Emojli was a social application for iOS and Android, created by YouTuber and web developer Tom Scott, and YouTuber and broadcast engineer Matt Gray. Usernames could contain only emoji and users could only communicate using emoji within the app.

History 
Tom Scott and Matt Gray were inspired to create the app after seeing the success of Yo and the release of new emoji characters by the Unicode Consortium. During a talk at Electromagnetic Field Festival, the developers commented that the app originated largely as a joke, but that by the time of launch 70,000 unique usernames had been reserved.
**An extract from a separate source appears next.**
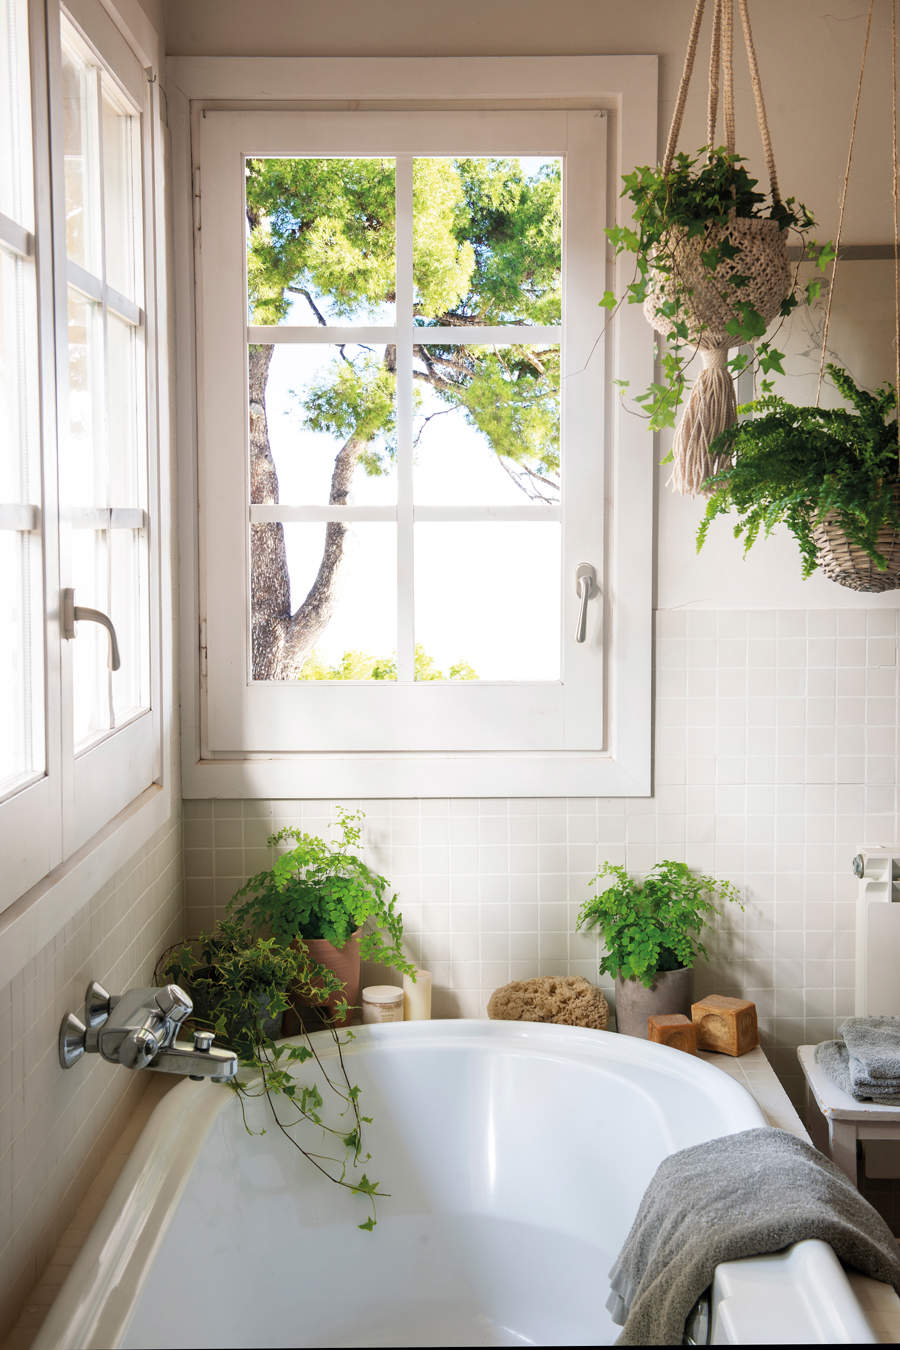 Baño, decorado con plantas.

The app was launched on 29 August 2014. After press coverage the developers began receiving offers for venture capital.

Due to the cost and effort of maintaining the application, the developers closed the app on 30 July 2015.

Development 
The back end of the app was coded by Tom Scott in PHP and MySQL and the front end was designed and programmed by Matt Gray in HTML, CSS and JavaScript.

The pair remarked that they ran into problems as not all web browsers supported emoji, and mobile operating system support for them varied. All work on the app was done in their spare time and took a little over a month.

The iOS version of the app was released on 29 August 2014. The Android version was released on 30 January 2015.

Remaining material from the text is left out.